## Work required
Nothing but the text belongs in the answer: the listing below, copied exactly, without pictures.

## Available data
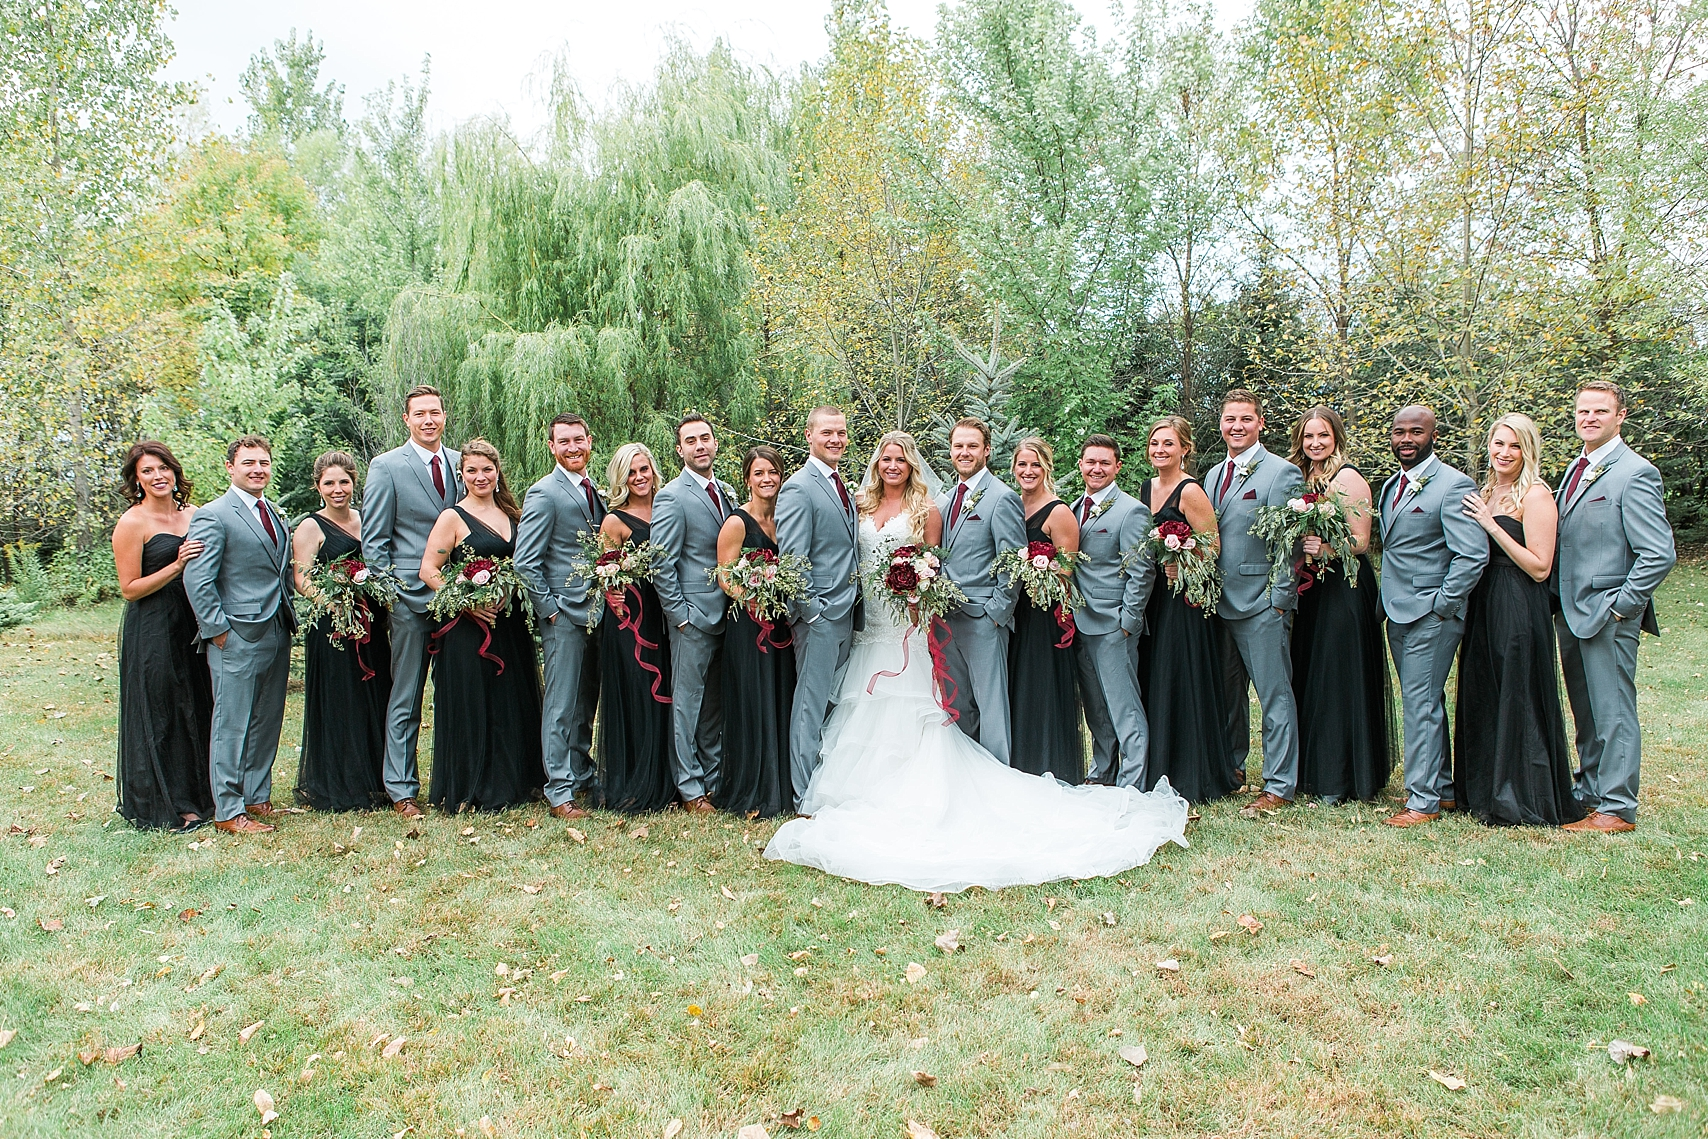 Minnesota Minneapolis Wedding Photographer Best Of 2018 Weddings Mallory Kiesow Photography_0198.jpg
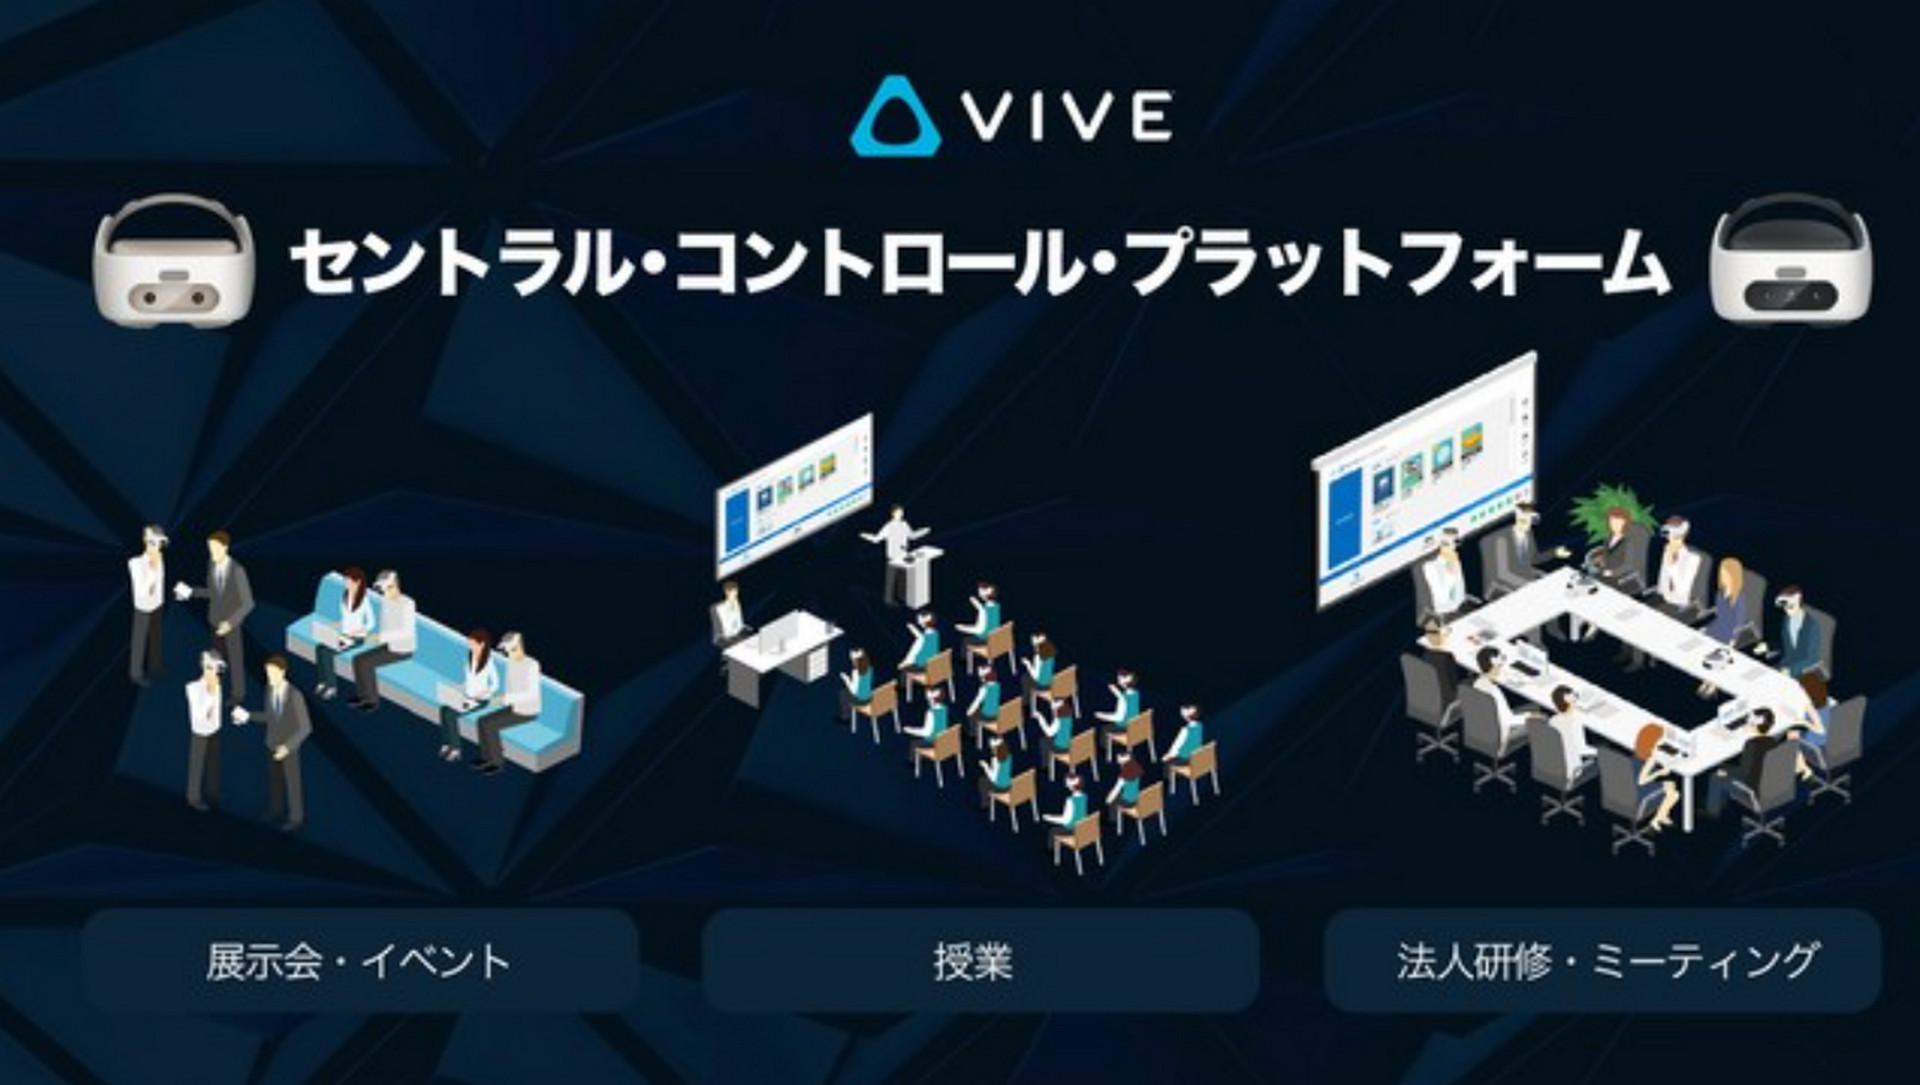 VIVE Central Control Platform
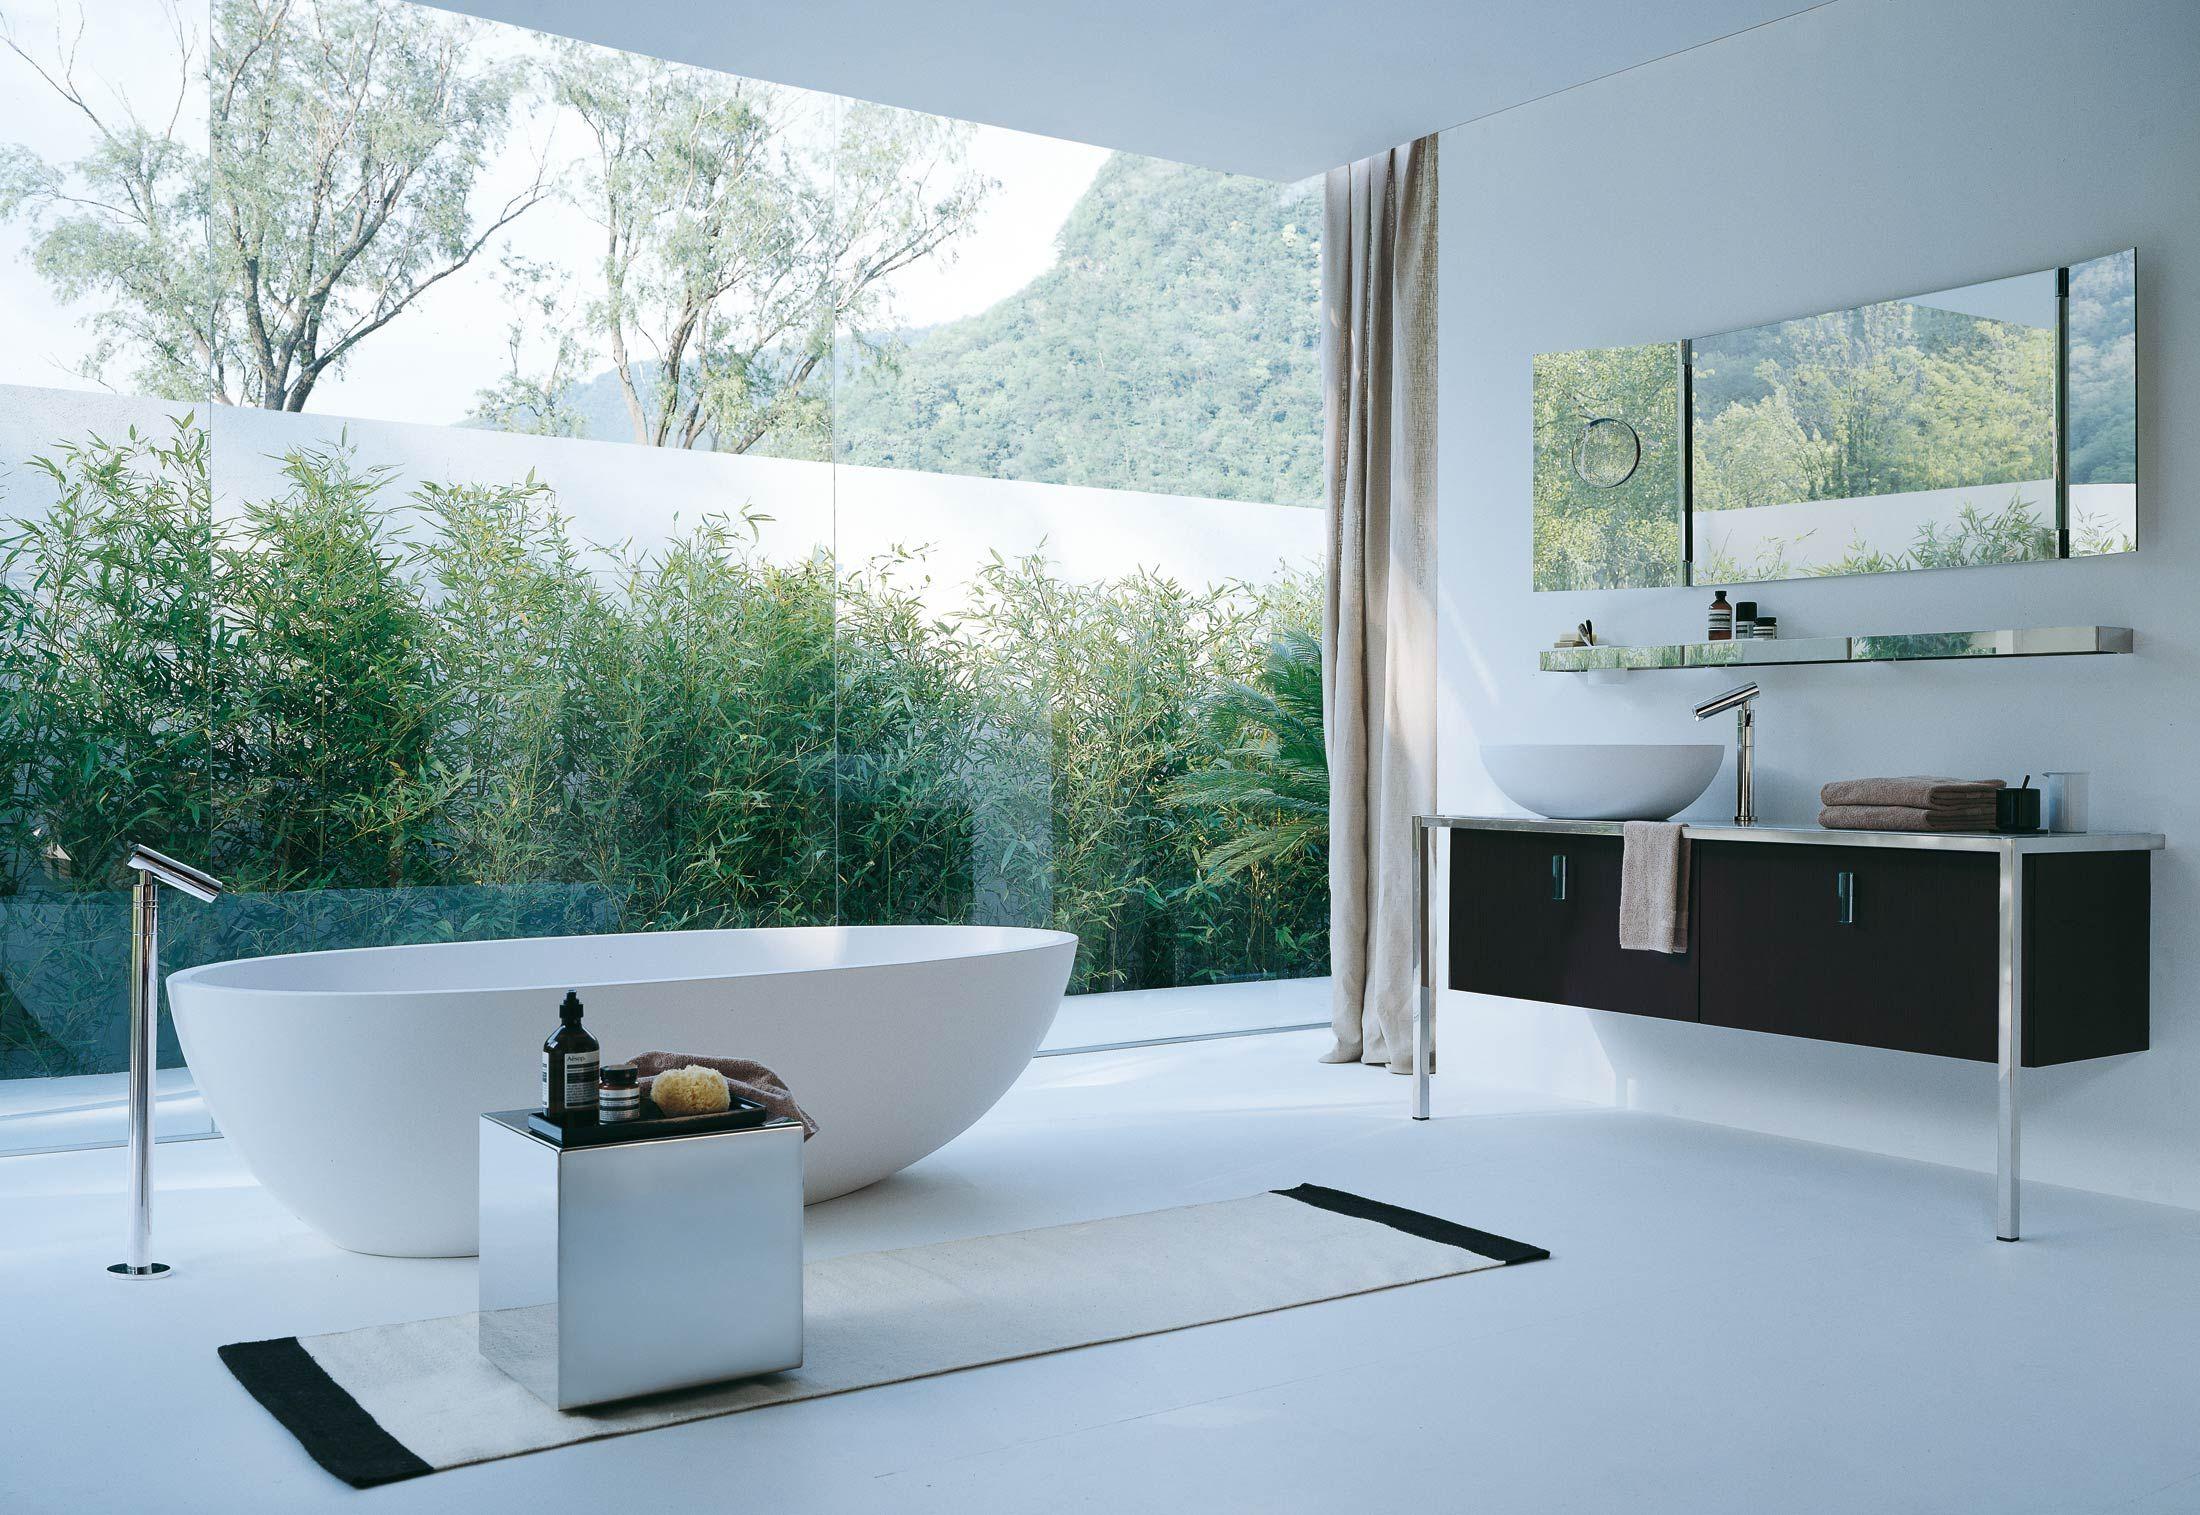 Agape Arredi di Bagno Eleganti. Casa di Bagno con luce naturale. Vasca di Bagno Freestanding  Leggete piu articoli - http://www.spazidilusso.it/

## Task output
 Minnesota Minneapolis Wedding Photographer Best Of 2018 Weddings Mallory Kiesow Photography_0198.jpg
 VIVE Central Control Platform
 Agape Arredi di Bagno Eleganti. Casa di Bagno con luce naturale. Vasca di Bagno Freestanding  Leggete piu articoli - http://www.spazidilusso.it/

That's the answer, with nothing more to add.